Using wonton wrappers to make ravioli is my new favorite thing. It is ridiculously easy and they come out great. They can also be a creative way to use up left overs. I find that rarely does my family want to eat the same meal two days in a row. It also isn’t always as good the next day (though sometimes it’s better). I hate to wasting food I’ve taken time to prepare. My new solution is to chop it up, mix in a little cheese, throw it in a wonton wrapper, and voila a new dinner. Great for leftover chicken or sausage and whatever veggie side you have lurking in the fridge. Serve with tomato sauce or butter or olive oil and garlic. The possibilities are endless. Of course, this recipe isn’t made of leftovers and you aren’t likely to have any left over either.

Its ridiculously easy and they come out great. They can also be a creative way to use up left overs.

For the Ravioli: Let the goat cheese soften at room temperature. If you’re short on time,  pop it in the microwave for a few seconds, just so that you can mix it easily. Add the honey, heavy, cream, rosemary and a bit of salt and pepper. Put a spoonful in the center of each wonton wrapper, cover with another and seal with your finger and a bit of water. To cook, boil in salted water for 3-4 minutes.
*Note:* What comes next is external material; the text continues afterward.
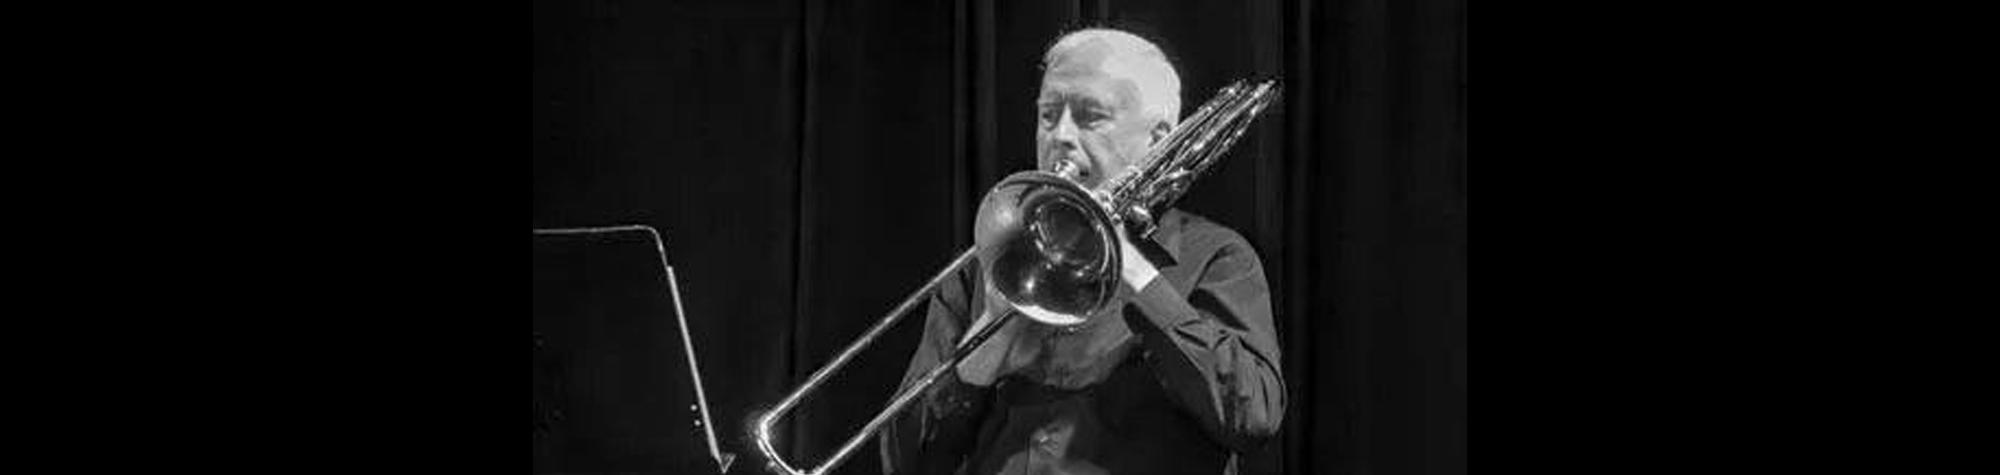 Ralph Sauer Trombone Interview – Trombone Corner #5

For the beet sauce: Sprinkle the beets with salt. pepper, and olive oil. Wrap in foil and roast in 400 oven for about hour (or until they are done). Once they are cool enough to touch, peel off the skin and place them in a blender with the chicken stock, heavy cream and balsamic.  Add more chicken stock if needed. Puree. Adjust seasoning and keep warm.

For the Salad: Toss walnuts with honey and roast at 350 degrees until golden brown.  Let cool to room temp.  Chiffinade (thinly slice) the spinach and add to a bowl with the walnuts, oil, vinegar, and salt and pepper.

To serve, spoon warm sauce over plates, top with ravioli and spinach salad.